朱翊铭也想起这事儿了,“万岁爷,此事在万历年间已经有了定论......”
“叔祖爷爷!”朱由检沉着脸道,“真的假不了,假的也真不了!”他又扭过头,瞪着朱华奎,“华奎,知道朕为什么要凌迟了先帝的乳母客氏?又知道客氏的对食魏忠贤因何而死?就是因为客氏收养了两个怀孕的妇人在宫中,被朕亲眼所见......这就是不赦之罪!”
朱华奎听见这话,扑通一下就给朱由检跪了,当真是老泪纵横啊。
他这个楚王真是太难了!被一个伪楚王案从小折腾到老,现在眼看都要薨逝了,又因为这事儿被一个已经斗倒了代、福、秦三个藩府,还把蜀王整去陕西的小皇帝给瞄上了。
这小皇帝多狠啊!被他盯上了还能有个好?
但是朱华奎也不可能承认自己是西贝货,承认了还有命在?
“万岁爷,臣真的是祖爷的子孙啊!真的,臣是真的......”
其实他也不知道自己到底是真是假?他现在年纪大了,记性不好,早就忘了出生时候的情形了。

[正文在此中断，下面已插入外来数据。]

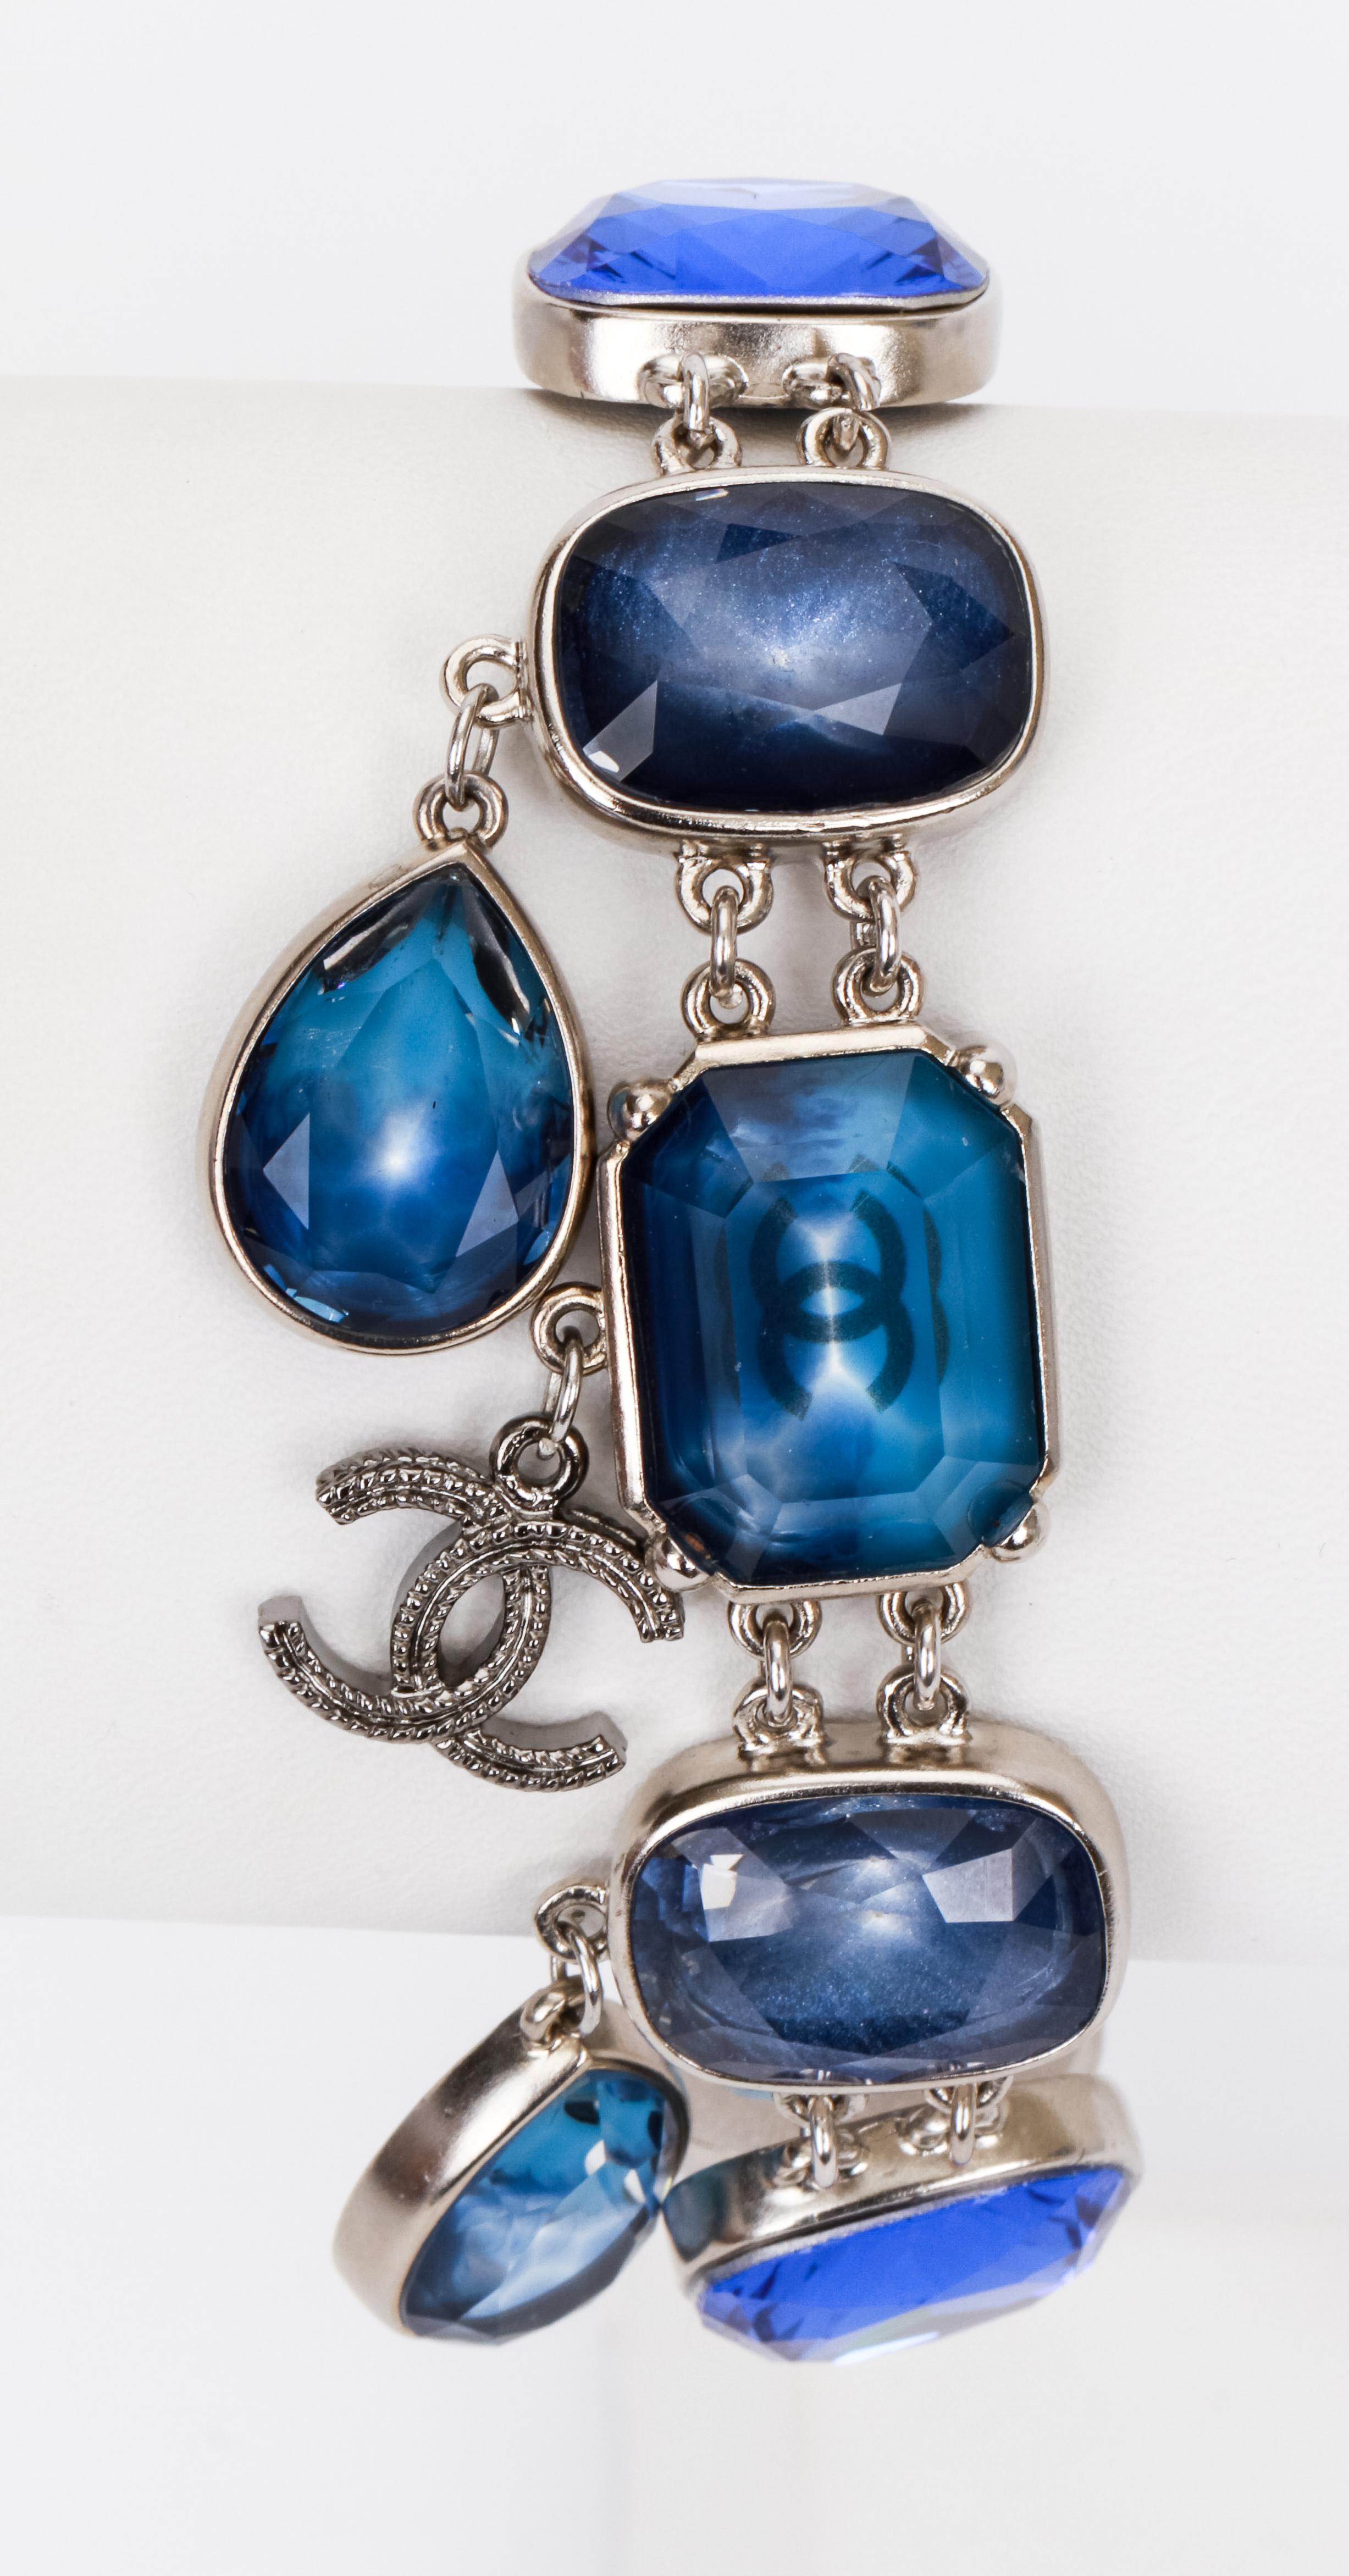 Chanel blue stones bracelet mixed cuts with CC and pear shape charms. Comes with original pouch.
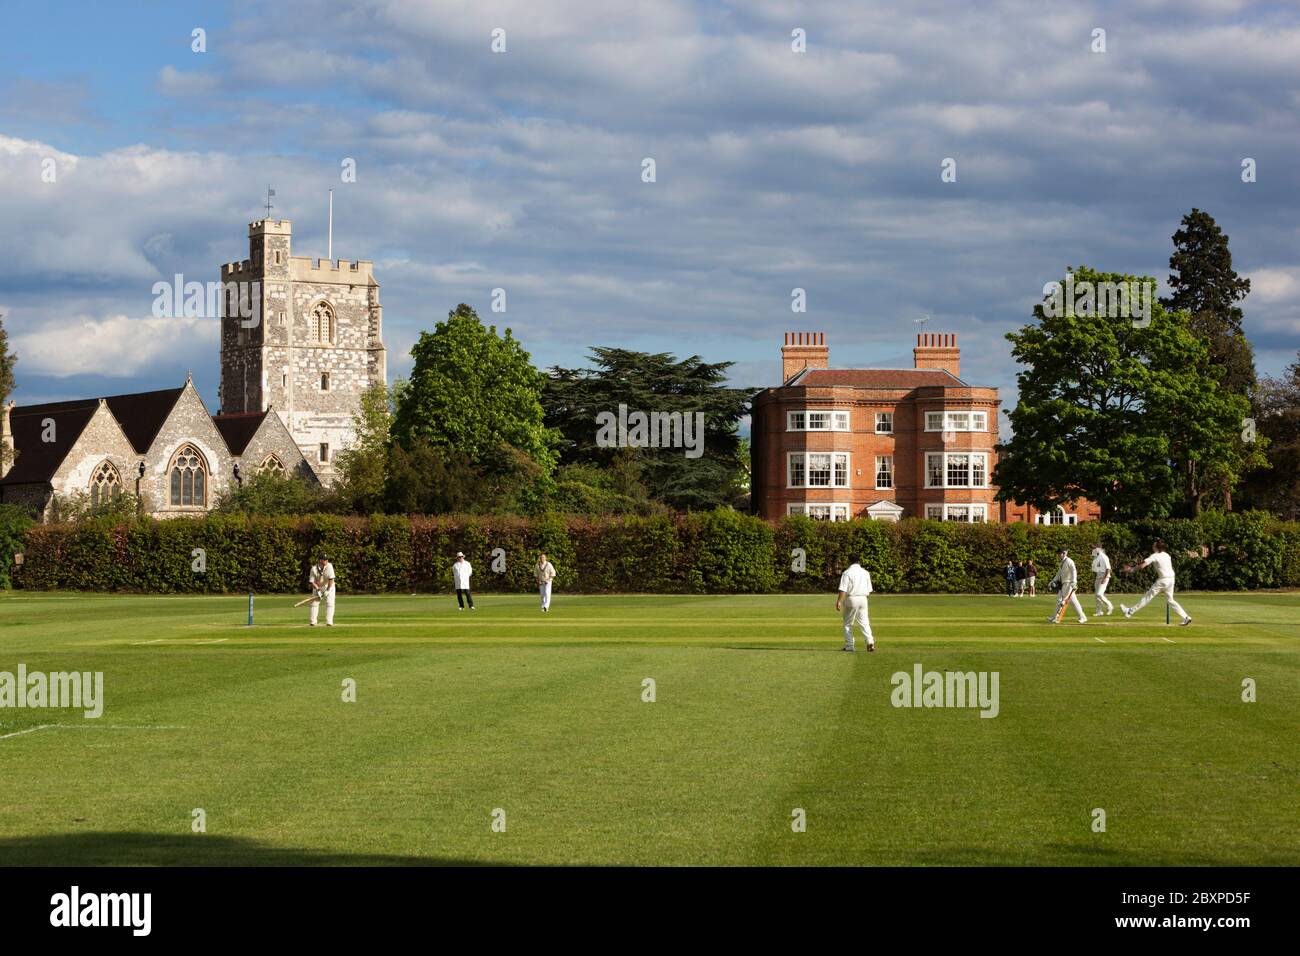 Game of cricket in front of St Michael's Church, Bray-on-Thames, Berkshire, England, United Kingdom Stock Photo

“可朕看着不像,根本就是个假王!”朱由检说着话,就拉着目瞪口呆的朱翊铭一块儿进了大殿。
大殿当中已经摆上了两把椅子,一把是朱由检坐到龙椅,放在正中。另一把摆在边上,是朱翊铭的椅子......果然没有给楚王朱华奎留位子,看来是要动他了!